Collected data
______

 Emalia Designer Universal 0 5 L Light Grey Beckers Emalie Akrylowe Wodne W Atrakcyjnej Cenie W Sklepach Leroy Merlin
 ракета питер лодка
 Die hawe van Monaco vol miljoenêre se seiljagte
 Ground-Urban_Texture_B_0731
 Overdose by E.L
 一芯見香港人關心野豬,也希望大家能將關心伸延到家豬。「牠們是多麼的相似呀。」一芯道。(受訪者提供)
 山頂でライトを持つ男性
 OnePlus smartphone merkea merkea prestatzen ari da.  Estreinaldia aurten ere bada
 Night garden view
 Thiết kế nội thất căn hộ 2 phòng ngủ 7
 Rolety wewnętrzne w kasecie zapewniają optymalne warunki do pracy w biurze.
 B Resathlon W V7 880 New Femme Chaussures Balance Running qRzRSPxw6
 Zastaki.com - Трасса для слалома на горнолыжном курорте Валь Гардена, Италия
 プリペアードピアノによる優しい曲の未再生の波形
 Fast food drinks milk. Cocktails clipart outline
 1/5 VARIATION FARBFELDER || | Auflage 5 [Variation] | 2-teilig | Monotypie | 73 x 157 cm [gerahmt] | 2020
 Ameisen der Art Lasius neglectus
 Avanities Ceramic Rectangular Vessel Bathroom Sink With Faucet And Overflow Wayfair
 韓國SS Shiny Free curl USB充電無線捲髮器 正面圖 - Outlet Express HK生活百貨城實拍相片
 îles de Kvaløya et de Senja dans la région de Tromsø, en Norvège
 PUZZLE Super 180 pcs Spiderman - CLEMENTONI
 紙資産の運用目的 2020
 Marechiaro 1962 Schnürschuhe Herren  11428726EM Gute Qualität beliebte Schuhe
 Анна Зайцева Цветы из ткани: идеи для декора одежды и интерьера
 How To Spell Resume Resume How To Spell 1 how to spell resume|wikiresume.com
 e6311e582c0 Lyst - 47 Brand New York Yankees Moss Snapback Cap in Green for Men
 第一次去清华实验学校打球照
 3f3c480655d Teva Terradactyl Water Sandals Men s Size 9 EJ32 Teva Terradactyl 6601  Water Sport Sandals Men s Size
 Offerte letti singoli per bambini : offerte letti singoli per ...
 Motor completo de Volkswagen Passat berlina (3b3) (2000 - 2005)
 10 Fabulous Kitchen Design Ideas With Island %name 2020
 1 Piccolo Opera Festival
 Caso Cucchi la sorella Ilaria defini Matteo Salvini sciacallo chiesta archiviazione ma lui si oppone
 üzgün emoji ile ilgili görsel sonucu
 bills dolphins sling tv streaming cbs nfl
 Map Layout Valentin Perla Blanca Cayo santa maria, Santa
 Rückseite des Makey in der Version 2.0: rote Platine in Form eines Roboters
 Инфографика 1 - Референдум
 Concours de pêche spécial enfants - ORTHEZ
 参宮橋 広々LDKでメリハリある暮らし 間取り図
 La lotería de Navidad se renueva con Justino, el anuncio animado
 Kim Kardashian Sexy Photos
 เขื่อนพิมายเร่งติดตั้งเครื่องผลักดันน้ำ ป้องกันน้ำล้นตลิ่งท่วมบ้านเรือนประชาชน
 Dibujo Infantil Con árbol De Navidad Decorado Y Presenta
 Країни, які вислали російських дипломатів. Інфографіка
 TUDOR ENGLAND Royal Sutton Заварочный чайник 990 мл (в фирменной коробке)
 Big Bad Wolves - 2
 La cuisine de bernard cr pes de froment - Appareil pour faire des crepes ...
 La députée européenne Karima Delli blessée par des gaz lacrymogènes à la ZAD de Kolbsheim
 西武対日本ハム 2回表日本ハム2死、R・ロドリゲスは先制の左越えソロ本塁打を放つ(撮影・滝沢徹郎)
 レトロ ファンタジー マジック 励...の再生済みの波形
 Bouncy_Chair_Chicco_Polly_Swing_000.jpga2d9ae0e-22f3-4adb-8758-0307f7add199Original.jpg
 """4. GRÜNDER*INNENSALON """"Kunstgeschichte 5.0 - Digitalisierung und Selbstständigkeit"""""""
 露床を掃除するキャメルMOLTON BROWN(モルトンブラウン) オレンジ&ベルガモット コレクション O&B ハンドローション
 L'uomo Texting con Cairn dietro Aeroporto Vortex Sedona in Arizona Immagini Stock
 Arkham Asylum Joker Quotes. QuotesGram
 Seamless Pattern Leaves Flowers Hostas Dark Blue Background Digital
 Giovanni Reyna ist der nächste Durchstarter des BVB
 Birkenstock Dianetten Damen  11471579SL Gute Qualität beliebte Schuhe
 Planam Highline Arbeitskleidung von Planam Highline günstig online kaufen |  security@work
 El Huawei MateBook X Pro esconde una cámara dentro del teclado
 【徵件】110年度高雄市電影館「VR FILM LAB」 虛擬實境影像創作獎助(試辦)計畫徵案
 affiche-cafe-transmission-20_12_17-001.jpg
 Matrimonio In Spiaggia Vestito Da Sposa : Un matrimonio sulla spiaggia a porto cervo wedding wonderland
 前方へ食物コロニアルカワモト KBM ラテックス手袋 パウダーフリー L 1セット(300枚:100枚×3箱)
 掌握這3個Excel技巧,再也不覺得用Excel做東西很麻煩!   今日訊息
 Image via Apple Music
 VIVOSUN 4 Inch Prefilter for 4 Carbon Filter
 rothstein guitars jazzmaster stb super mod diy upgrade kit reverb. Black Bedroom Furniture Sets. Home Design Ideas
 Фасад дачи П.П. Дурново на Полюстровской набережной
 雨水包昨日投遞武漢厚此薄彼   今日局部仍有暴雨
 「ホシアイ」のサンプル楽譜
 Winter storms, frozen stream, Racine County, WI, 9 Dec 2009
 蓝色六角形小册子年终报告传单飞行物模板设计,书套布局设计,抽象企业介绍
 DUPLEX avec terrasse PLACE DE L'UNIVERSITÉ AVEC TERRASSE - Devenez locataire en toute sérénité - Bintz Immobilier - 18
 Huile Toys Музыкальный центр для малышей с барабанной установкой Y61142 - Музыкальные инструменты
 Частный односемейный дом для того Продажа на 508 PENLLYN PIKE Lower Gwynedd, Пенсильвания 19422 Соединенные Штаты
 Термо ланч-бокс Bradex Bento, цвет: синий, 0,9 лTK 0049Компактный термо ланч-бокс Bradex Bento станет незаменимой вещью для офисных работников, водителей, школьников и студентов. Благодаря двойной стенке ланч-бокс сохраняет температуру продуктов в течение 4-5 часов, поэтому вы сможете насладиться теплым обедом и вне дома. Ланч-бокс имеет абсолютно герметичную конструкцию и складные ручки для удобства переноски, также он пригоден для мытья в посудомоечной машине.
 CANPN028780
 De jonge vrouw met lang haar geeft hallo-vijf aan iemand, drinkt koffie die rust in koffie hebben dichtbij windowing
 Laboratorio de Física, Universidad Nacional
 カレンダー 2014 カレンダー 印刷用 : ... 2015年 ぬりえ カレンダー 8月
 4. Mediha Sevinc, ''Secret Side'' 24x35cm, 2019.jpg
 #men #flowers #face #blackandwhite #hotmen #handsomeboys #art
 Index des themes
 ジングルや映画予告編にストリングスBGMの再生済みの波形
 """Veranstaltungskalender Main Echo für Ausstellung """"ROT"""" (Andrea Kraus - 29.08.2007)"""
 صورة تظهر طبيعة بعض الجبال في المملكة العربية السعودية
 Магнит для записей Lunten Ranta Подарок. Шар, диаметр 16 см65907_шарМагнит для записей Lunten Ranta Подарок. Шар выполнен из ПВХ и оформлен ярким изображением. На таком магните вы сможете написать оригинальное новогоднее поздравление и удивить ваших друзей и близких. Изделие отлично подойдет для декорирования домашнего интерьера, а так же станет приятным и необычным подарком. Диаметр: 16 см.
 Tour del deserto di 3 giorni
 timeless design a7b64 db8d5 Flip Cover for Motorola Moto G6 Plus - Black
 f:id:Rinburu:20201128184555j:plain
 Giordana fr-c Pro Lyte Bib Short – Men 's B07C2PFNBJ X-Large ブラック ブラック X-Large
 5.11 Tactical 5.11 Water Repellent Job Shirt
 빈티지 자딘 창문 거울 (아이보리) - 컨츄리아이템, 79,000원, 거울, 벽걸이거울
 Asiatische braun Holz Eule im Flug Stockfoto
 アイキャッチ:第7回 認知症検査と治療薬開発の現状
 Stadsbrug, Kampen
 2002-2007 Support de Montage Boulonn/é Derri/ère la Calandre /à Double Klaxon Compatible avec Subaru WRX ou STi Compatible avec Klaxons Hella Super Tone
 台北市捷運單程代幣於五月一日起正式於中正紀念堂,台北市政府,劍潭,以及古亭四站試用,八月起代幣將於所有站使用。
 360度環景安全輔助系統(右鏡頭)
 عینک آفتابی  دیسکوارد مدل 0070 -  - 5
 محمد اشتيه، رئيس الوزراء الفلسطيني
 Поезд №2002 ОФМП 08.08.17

______

Retype exactly the lines of the data above that fall between the line with "Overdose by E.L" and the line with "Map Layout Valentin", inclusive, and add nothing.

 Overdose by E.L
 一芯見香港人關心野豬,也希望大家能將關心伸延到家豬。「牠們是多麼的相似呀。」一芯道。(受訪者提供)
 山頂でライトを持つ男性
 OnePlus smartphone merkea merkea prestatzen ari da.  Estreinaldia aurten ere bada
 Night garden view
 Thiết kế nội thất căn hộ 2 phòng ngủ 7
 Rolety wewnętrzne w kasecie zapewniają optymalne warunki do pracy w biurze.
 B Resathlon W V7 880 New Femme Chaussures Balance Running qRzRSPxw6
 Zastaki.com - Трасса для слалома на горнолыжном курорте Валь Гардена, Италия
 プリペアードピアノによる優しい曲の未再生の波形
 Fast food drinks milk. Cocktails clipart outline
 1/5 VARIATION FARBFELDER || | Auflage 5 [Variation] | 2-teilig | Monotypie | 73 x 157 cm [gerahmt] | 2020
 Ameisen der Art Lasius neglectus
 Avanities Ceramic Rectangular Vessel Bathroom Sink With Faucet And Overflow Wayfair
 韓國SS Shiny Free curl USB充電無線捲髮器 正面圖 - Outlet Express HK生活百貨城實拍相片
 îles de Kvaløya et de Senja dans la région de Tromsø, en Norvège
 PUZZLE Super 180 pcs Spiderman - CLEMENTONI
 紙資産の運用目的 2020
 Marechiaro 1962 Schnürschuhe Herren  11428726EM Gute Qualität beliebte Schuhe
 Анна Зайцева Цветы из ткани: идеи для декора одежды и интерьера
 How To Spell Resume Resume How To Spell 1 how to spell resume|wikiresume.com
 e6311e582c0 Lyst - 47 Brand New York Yankees Moss Snapback Cap in Green for Men
 第一次去清华实验学校打球照
 3f3c480655d Teva Terradactyl Water Sandals Men s Size 9 EJ32 Teva Terradactyl 6601  Water Sport Sandals Men s Size
 Offerte letti singoli per bambini : offerte letti singoli per ...
 Motor completo de Volkswagen Passat berlina (3b3) (2000 - 2005)
 10 Fabulous Kitchen Design Ideas With Island %name 2020
 1 Piccolo Opera Festival
 Caso Cucchi la sorella Ilaria defini Matteo Salvini sciacallo chiesta archiviazione ma lui si oppone
 üzgün emoji ile ilgili görsel sonucu
 bills dolphins sling tv streaming cbs nfl
 Map Layout Valentin Perla Blanca Cayo santa maria, Santa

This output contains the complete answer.